Segment Start: DATA
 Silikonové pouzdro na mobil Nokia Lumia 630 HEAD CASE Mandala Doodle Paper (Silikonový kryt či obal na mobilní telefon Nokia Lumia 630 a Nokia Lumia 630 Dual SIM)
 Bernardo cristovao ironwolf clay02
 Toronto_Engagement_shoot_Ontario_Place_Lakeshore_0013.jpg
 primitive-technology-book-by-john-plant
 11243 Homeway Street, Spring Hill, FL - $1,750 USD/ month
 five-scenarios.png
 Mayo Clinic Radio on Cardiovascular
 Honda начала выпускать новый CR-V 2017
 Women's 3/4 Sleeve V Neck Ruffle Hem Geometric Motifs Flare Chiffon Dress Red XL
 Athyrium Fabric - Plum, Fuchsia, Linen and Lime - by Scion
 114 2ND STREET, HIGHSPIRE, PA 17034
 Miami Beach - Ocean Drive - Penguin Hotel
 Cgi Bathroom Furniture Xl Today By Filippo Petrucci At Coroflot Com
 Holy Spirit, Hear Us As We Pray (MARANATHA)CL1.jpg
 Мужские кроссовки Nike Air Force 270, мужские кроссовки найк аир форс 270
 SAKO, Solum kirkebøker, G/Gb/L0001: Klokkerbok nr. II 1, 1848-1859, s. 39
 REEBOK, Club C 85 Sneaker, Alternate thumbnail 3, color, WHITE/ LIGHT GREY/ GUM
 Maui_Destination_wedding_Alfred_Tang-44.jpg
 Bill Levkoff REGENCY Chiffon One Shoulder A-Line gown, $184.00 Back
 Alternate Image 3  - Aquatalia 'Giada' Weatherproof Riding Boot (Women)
Segment End: DATA
If a line falls between the first line of the entries and the line containing "Cgi Bathroom Furniture", or is one of those two, restate it word for word; leave all other lines out.

### COMPLETED EXERCISE
 Silikonové pouzdro na mobil Nokia Lumia 630 HEAD CASE Mandala Doodle Paper (Silikonový kryt či obal na mobilní telefon Nokia Lumia 630 a Nokia Lumia 630 Dual SIM)
 Bernardo cristovao ironwolf clay02
 Toronto_Engagement_shoot_Ontario_Place_Lakeshore_0013.jpg
 primitive-technology-book-by-john-plant
 11243 Homeway Street, Spring Hill, FL - $1,750 USD/ month
 five-scenarios.png
 Mayo Clinic Radio on Cardiovascular
 Honda начала выпускать новый CR-V 2017
 Women's 3/4 Sleeve V Neck Ruffle Hem Geometric Motifs Flare Chiffon Dress Red XL
 Athyrium Fabric - Plum, Fuchsia, Linen and Lime - by Scion
 114 2ND STREET, HIGHSPIRE, PA 17034
 Miami Beach - Ocean Drive - Penguin Hotel
 Cgi Bathroom Furniture Xl Today By Filippo Petrucci At Coroflot Com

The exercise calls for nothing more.